Ok let us load the data first
set.seed(123)
fideility = rnorm(100, 50, 2)
satSample = c(1:5)
satisfaction = sample(satSample, 100, replace = TRUE)
randomEffectsCorr = matrix(c(1,-.5,-.5, 1), ncol = 2)
library(semTools)
## Loading required package: lavaan
## This is lavaan 0.5-23.1097
## lavaan is BETA software!

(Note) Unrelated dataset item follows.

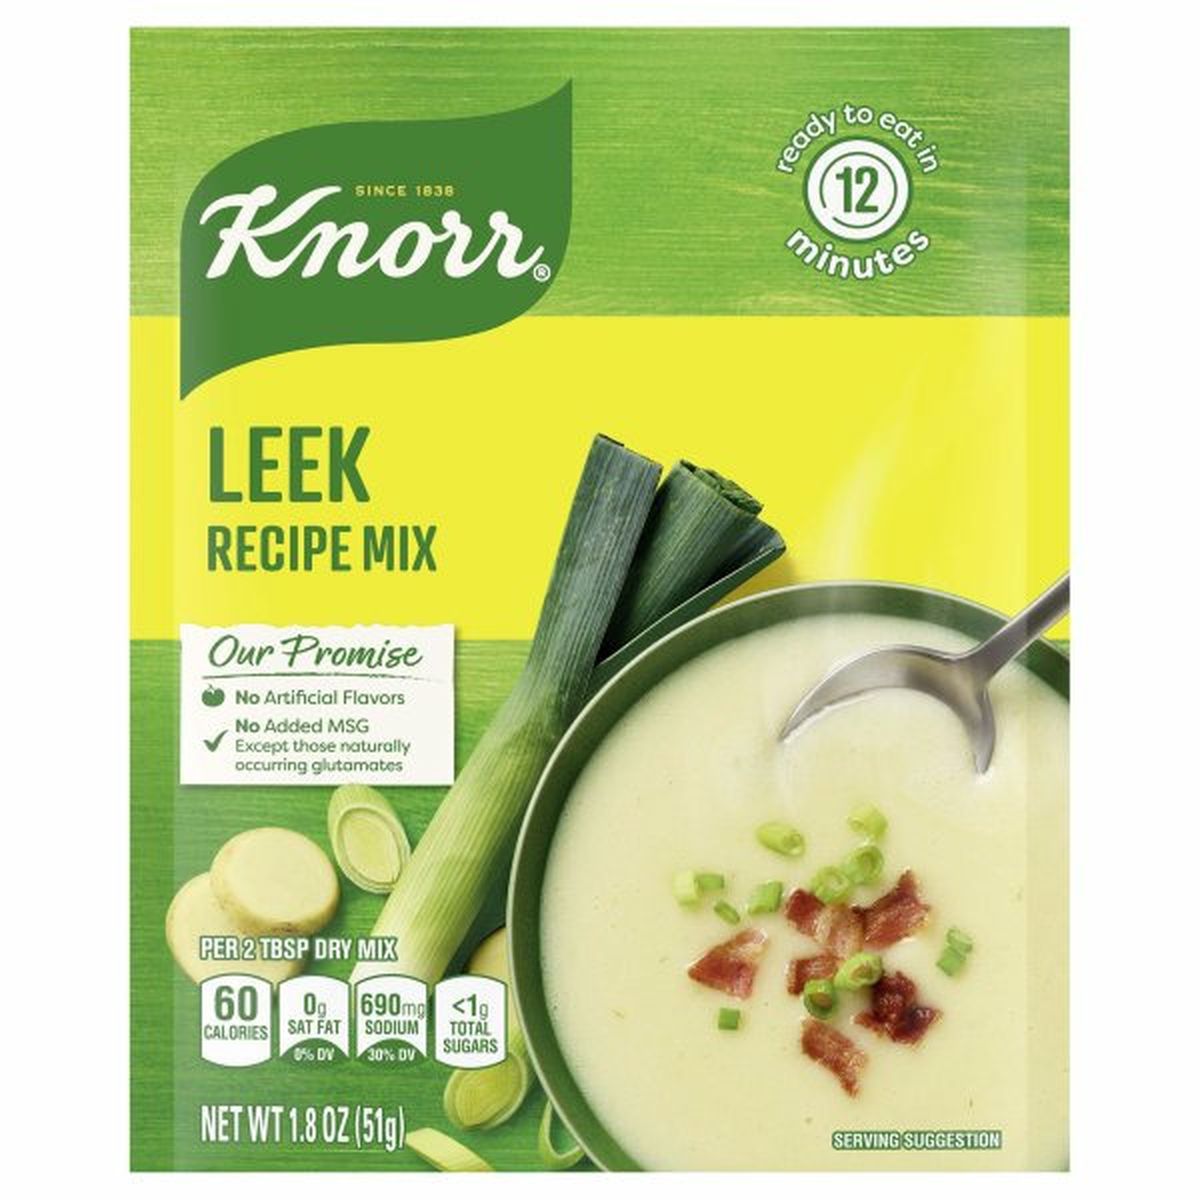 Calories in Knorr Recipe Mix, Leek

Please report any bugs.
##
## ###############################################################################
## This is semTools 0.4-14
## All users of R (or SEM) are invited to submit functions or ideas for functions.
## ###############################################################################
n = 100
randomEffects = mvrnonnorm(n, mu = c(30,30), Sigma = randomEffectsCorr, empirical = TRUE)
colnames(randomEffects) = c("PHQ9Post", "fideility")
genderSamp = c(1,0)
gender = as.factor(sample(genderSamp, 100, prob = c(.5, .5), replace = TRUE))
treatment = as.factor(sample(genderSamp, 100, prob = c(.5, .5), replace = TRUE))
datWeek8 = data.frame(satisfaction, gender, randomEffects)
write.csv(datWeek8, "datWeek8.csv", row.names = FALSE)
datWeek8 = read.csv("datWeek8.csv", header = TRUE)
head(datWeek8)
## satisfaction gender PHQ9Post fideility
## 1 2 1 29.66624 29.35575
## 2 5 0 29.79384 29.17227
## 3 4 0 30.02202 29.47081
## 4 3 1 30.86352 30.15171
## 5 3 0 29.22355 31.50228
## 6 5 1 30.37231 29.83899
Let us run a multivariate regression as follows below
resultsWeek8 = lm(PHQ9Post ~ fideility + satisfaction + gender, data = datWeek8)
summary(resultsWeek8)
##
## Call:
## lm(formula = PHQ9Post ~ fideility + satisfaction + gender, data = datWeek8)
##
## Residuals:
## Min 1Q Median 3Q Max
## -3.0475 -0.4364 0.1587 0.6177 1.4205
##
## Coefficients:
## Estimate Std. Error t value Pr(>|t|)
## (Intercept) 45.039050 2.684709 16.776 < 2e-16 ***
## fideility -0.499628 0.089673 -5.572 2.3e-07 ***
## satisfaction -0.016282 0.061355 -0.265 0.791
## gender -0.005571 0.178611 -0.031 0.975
## ---
## Signif. codes: 0 '***' 0.001 '**' 0.01 '*' 0.05 '.' 0.1 ' ' 1
##
## Residual standard error: 0.8791 on 96 degrees of freedom
## Multiple R-squared: 0.2506, Adjusted R-squared: 0.2271
## F-statistic: 10.7 on 3 and 96 DF, p-value: 3.945e-06
We can see that fidelity is negatively related (negative t-value) with PHQ9 posts scores. With multiple variables, we want o interpret the adjusted r-squared, because it accounts for the lost degrees of freedom with the additional variables. For a one-unit increase in fidelity there is about a -.5 decrease in PHQ9Post scores holding all other variables constant.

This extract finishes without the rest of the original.